Роман оглядел его всего внимательно – снизу вверх. Рыжий. Длинный и здоровый – как конь. Ботинки – сорок шестого размера. Или сорок седьмого? Он что, зараза, к Настьке с этими желтыми цветочками приперся? Во дела…
А глаза-то! Умные, блин! Интеллигент – сразу видно. Рожа – вся из себя – одухотворенная, тошнит даже… Может, в нем все дело? Может, Настька в него… А что, с нее станется… В такого – запросто! Он ей только стишки почитает, а она и готова, курица, – берите тепленькой!
– А что, сегодня День учителя, что ли? – уточнил Роман, прищурился и сделал шаг вперед, наступая на рыжего.
– Нет. Сегодня не День учителя. – Рыжий не отступил, как ожидал Роман, а просто стоял и спокойно смотрел на него сверху вниз.
Длинный, как иерихонская труба, блин! Такого не запугаешь!
– А чего с цветочками тогда? – продолжал наезжать и пыжиться изо всех сил Роман.
Дать бы этой каланче в морду! Как же руки чешутся!
– Простите, я не понял. А почему бы мне не прийти с цветочками? – спокойно спросил рыжий.
– А по кочану! Ты кому их тащишь? Настьке?
Рыжий вытаращил глаза и все же отступил на шаг. Правда, от растерянности, а не от страха, но Романа и это порадовало…
– Я не понимаю… Вы – кто? – спросил рыжий, растерянно пялясь на Романа.
– Я ейный жених! А че? Она с тобой шашни крутит?
– Жених? – переспросил рыжий, прижимая к груди цветы так, как будто Роман собирался их отнимать.

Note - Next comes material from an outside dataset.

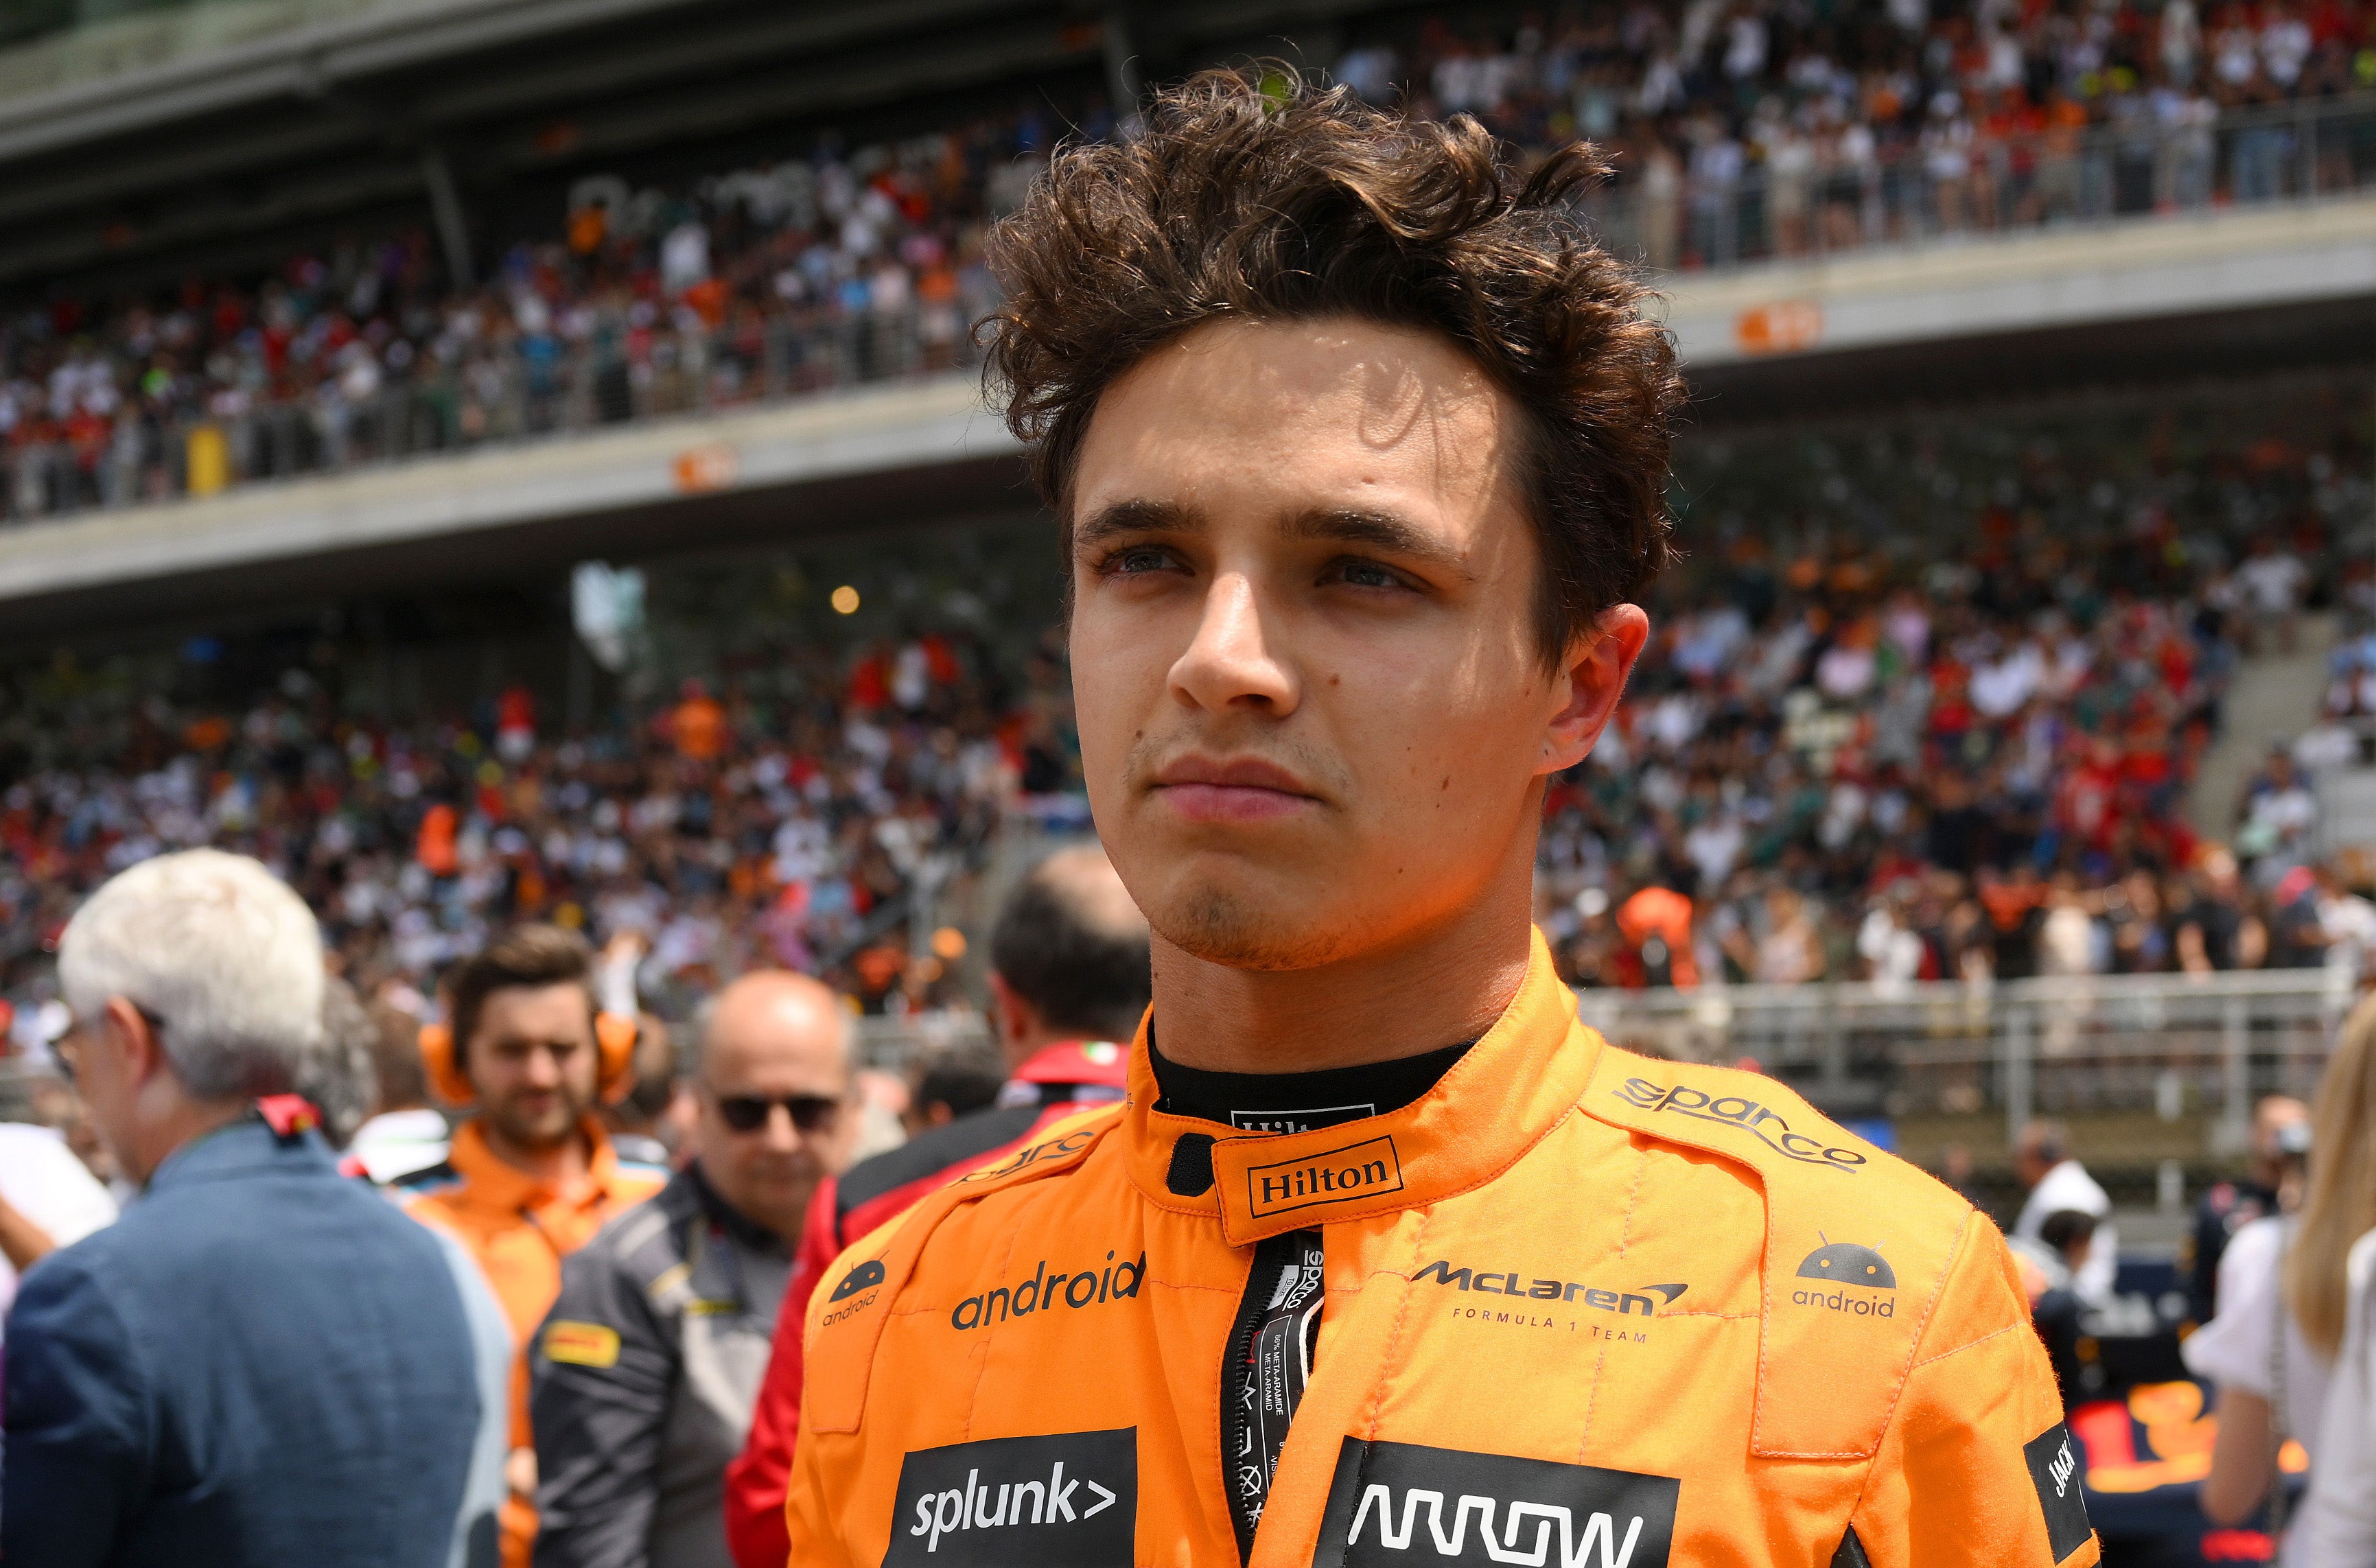 Lando Norris collided with Lewis Hamilton on the opening lap

Больно надо! Дались ему эти цветы! Приперся тут, интеллигент хренов! Цветочки припер! И что за цветочки? Роман таких и не видел! Или не замечал… Просто покупал розы – те, которые подешевле, и все… А этот – выпендрился! Невиданные какие-то метелки Настьке приволок! Как же он его ненавидит!
Роман скрипнул зубами, представив, как этот долговязый придурок будет вручать Настьке свои желтые цветы, а она будет охать и ахать, восхищаться и строить этому козлу глазки…
Нет! Допустить этого нельзя! Хрен что у вас получится! Только ему, что ли, должно быть паршиво? Нате-ка выкусите!
Он Настьку столько лет окучивал, подарки дарил, а она ему: «До свидания, милый»! Ну уж нет! Он им покажет!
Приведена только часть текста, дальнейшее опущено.